So the more you say, OK, I'm going to achieve my performance goal by never putting myself in a position where I could make a mistake. So you stop going to the optional team meetings. You stop mentoring people. You actually stop doing the things that grow your skills. You don't get those small failures on the way to the big leaps that we talked about. You are boxing yourself in and you're going to become a lower performer at the end of the day. This is kind of a big paradox. I actually described it to my friend Sean as what I call the performance paradox.

Because we know a lot about why this happens. We can explore it from many angles. So, for instance, like in our cognition, we are pretty bad evaluators of our in the moment performance. We tend to think that performance is the same thing as learning. But famously, it is really not. Actually, you want to see people make a lot of mistakes, kind of get worse on the path to getting better. That is normal, sustainable learning.

So the more you see people fixate on demonstrating explicit performance, the more you see that they get really fragile under pressure. So that's kind of like that high achieving kid who can't tolerate getting a low grade. The first time they get it, they sort of lose all their strategies. You don't want to be like that person. And this is damaging on the scale of our communities. So psychologists have measured the beliefs that an entire field or a community might have. And they find that the more of professional field or a discipline in the world focuses on this kind of performance, focuses on brilliance, which we'll dive more into in a second. The less that sets that field up for success. The field gets worse at recognizing people who actually have high potential and it gets more fragile.

So the performance paradox. I want to give you just a couple little handles. If this is I've seen some like sad faces. All right. And I want to tell you this is OK. This is like a normal part of being a hardworking person. The key is to think about your mindset and think about your context. And you can, like my friend Sean, take action on this.

So we had a couple moments, coffee chats where we sat down by the end of these chats. Sean had challenged himself to start doing mentoring with his team again to show some vulnerability in front of them. And he went from being a person who really was hiding out, not having any connection at work, to being essentially like the learning leader on his team. And he was way happier.

The way I think about breaking down these dilemmas is this handy metaphor that I really like from Walton and Yeager called the seed in the soil metaphor. This helps us think about what psychologists call the mindset of the individual, but also the context of the environment. So you can think about the soil as kind of the adaptive social context that we need. That affords us the opportunity to put our good beliefs into practice.
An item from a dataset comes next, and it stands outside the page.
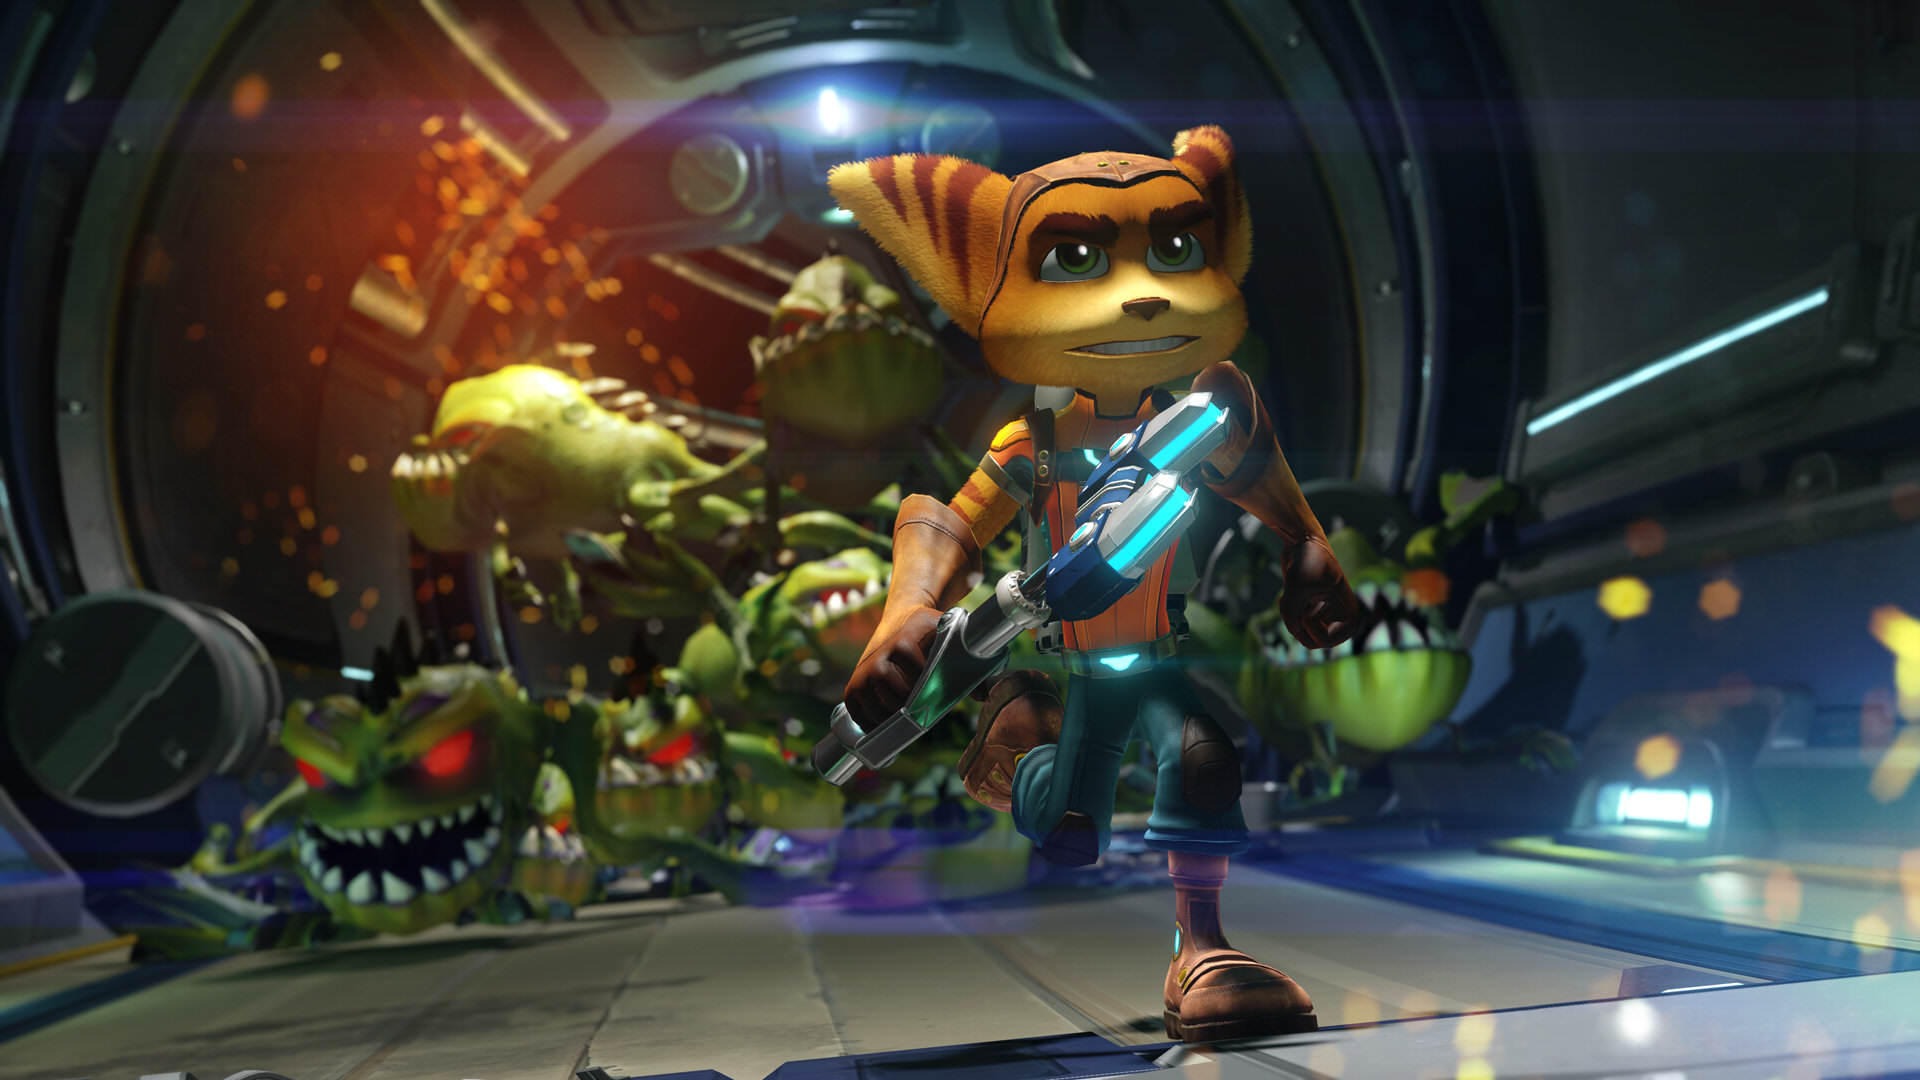 Game: Ratchet Clank Series Review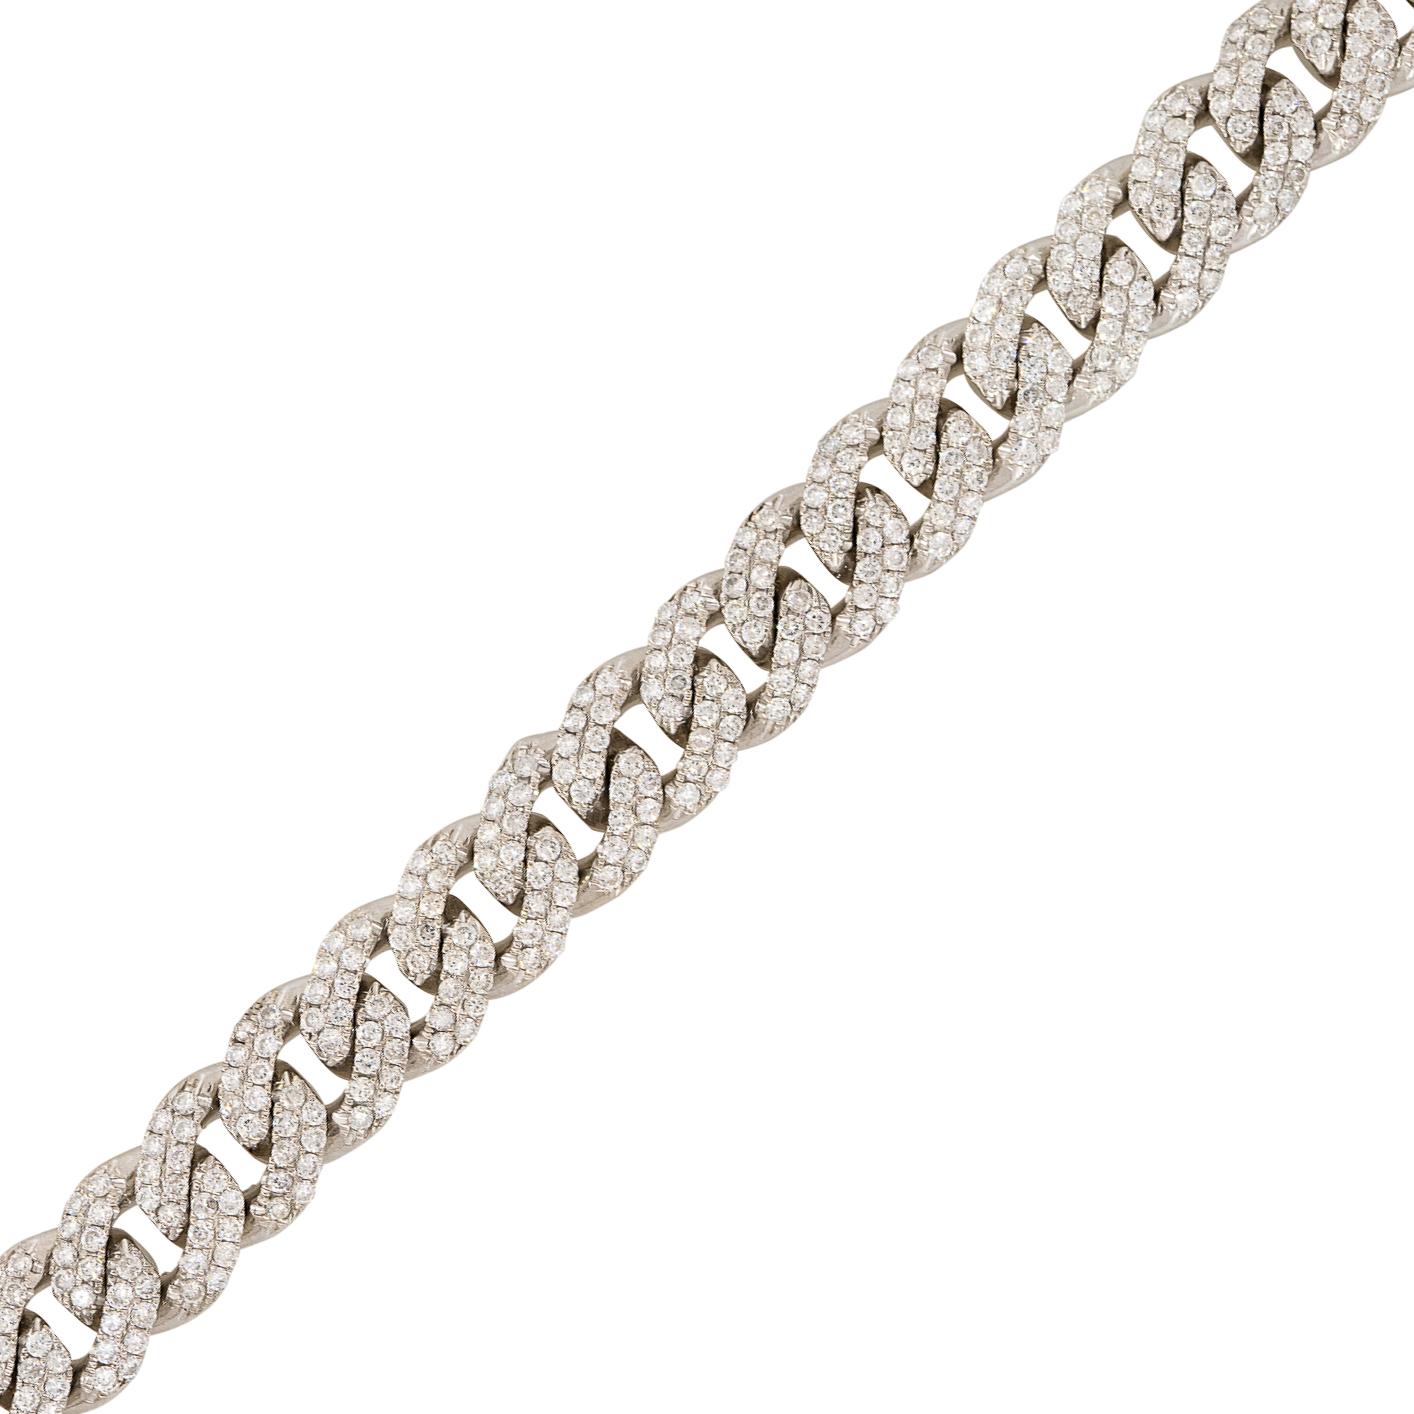 15.37 Carat Pave Diamond Cuban Link Chain Necklace 14 Karat In Stock In Excellent Condition For Sale In Boca Raton, FL

That hypothesis testing that we were talking about. But we also need good seeds. So you as an individual might be working on the seed part. These are our adaptive psychological beliefs that create kind of more resilient behavior goals. So focusing more on mastery might be this good seed.

But then you also need a really beautiful strong soil. Like if you have a boss who hates the fact that you're trying to focus on a mastery goal, that is going to really foreclose on how much you can exercise that belief. Leaders in the room, your job is soil. Individual contributors, your future leaders. So think about the soil, but your job is the seed. That's what I would say about that.

If you need something stronger to hit your organization over the head with, I have created a law. People love to create really silly laws in software. So I decided I needed one. This is Kat's law. The more a software team focuses on demonstrating short-term performance in their environment, the less they are able to protect the foundation on which long-term performance depends.

The more a software team focuses on demonstrating short-term performance in their environment, the less they are able to protect the foundation on which long-term performance depends.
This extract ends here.